# What is this tool / adapter?



## AJ. (Feb 22, 2012)

This tool was in grandpa's tools.
He's no longer around to ask him what it is.

Any ideas what this is for?


----------



## AJ. (Feb 22, 2012)

Another angle...


----------



## Steve Neul (Sep 2, 2011)

It's a miter saw guide somewhat like this. Antique vintage Miter Saw Guide Wooden Cabinet Screw Hardware Unusual Old EG | eBay


----------



## woodnthings (Jan 24, 2009)

Yup, it's the upper portion of a hand held miter saw. It's the part that guides the saw blade, typically a back saw with a stiffener on the top edge. The rest of the unit is missing;


----------



## FrankC (Aug 24, 2012)

One in Blue:








VINTAGE Sears Craftsman Mitre Saw Working Angle Cut Cast Aluminum 18" long Base | eBay


Find many great new & used options and get the best deals for VINTAGE Sears Craftsman Mitre Saw Working Angle Cut Cast Aluminum 18" long Base at the best online prices at eBay! Free shipping for many products!



www.ebay.com


----------



## AJ. (Feb 22, 2012)

THANK YOU EVERYONE!!

When I saw the linked ebay photos... something clicked on my mind.
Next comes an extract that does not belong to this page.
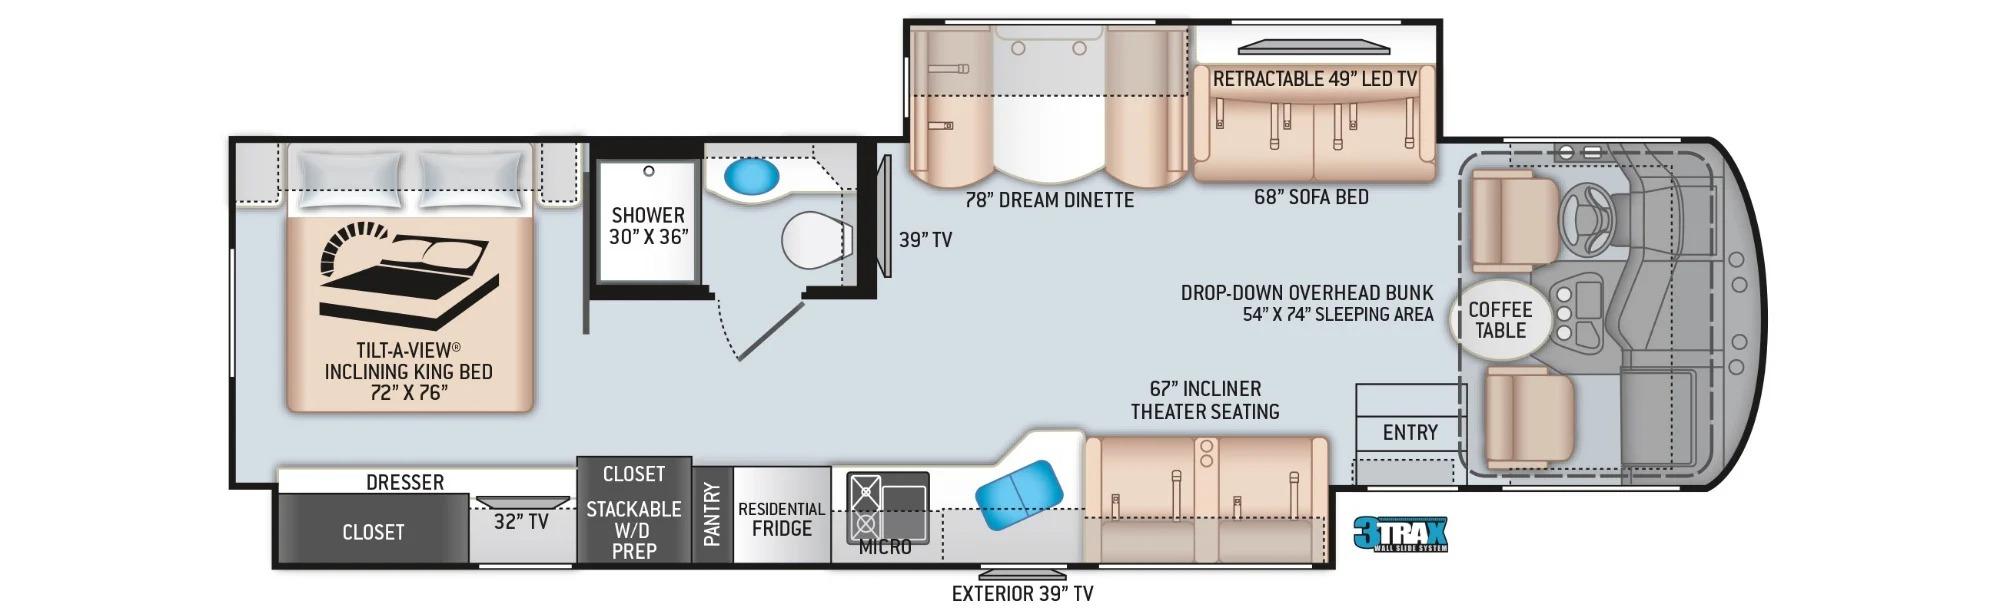 View Floor Plan for 2022 THOR MIRAMAR 35.2

ANOTHER part/tool which I did not know what it was for.

I just married them... and we are cooking!!!


Thank you extended Grandpa's.
Thank you for helping out when I couldn't ask mine directly


----------



## FrankC (Aug 24, 2012)

The 9 - 22 1/2 - 30 - 36 - 45 stops are interesting, understand them all except the 9 degrees.


----------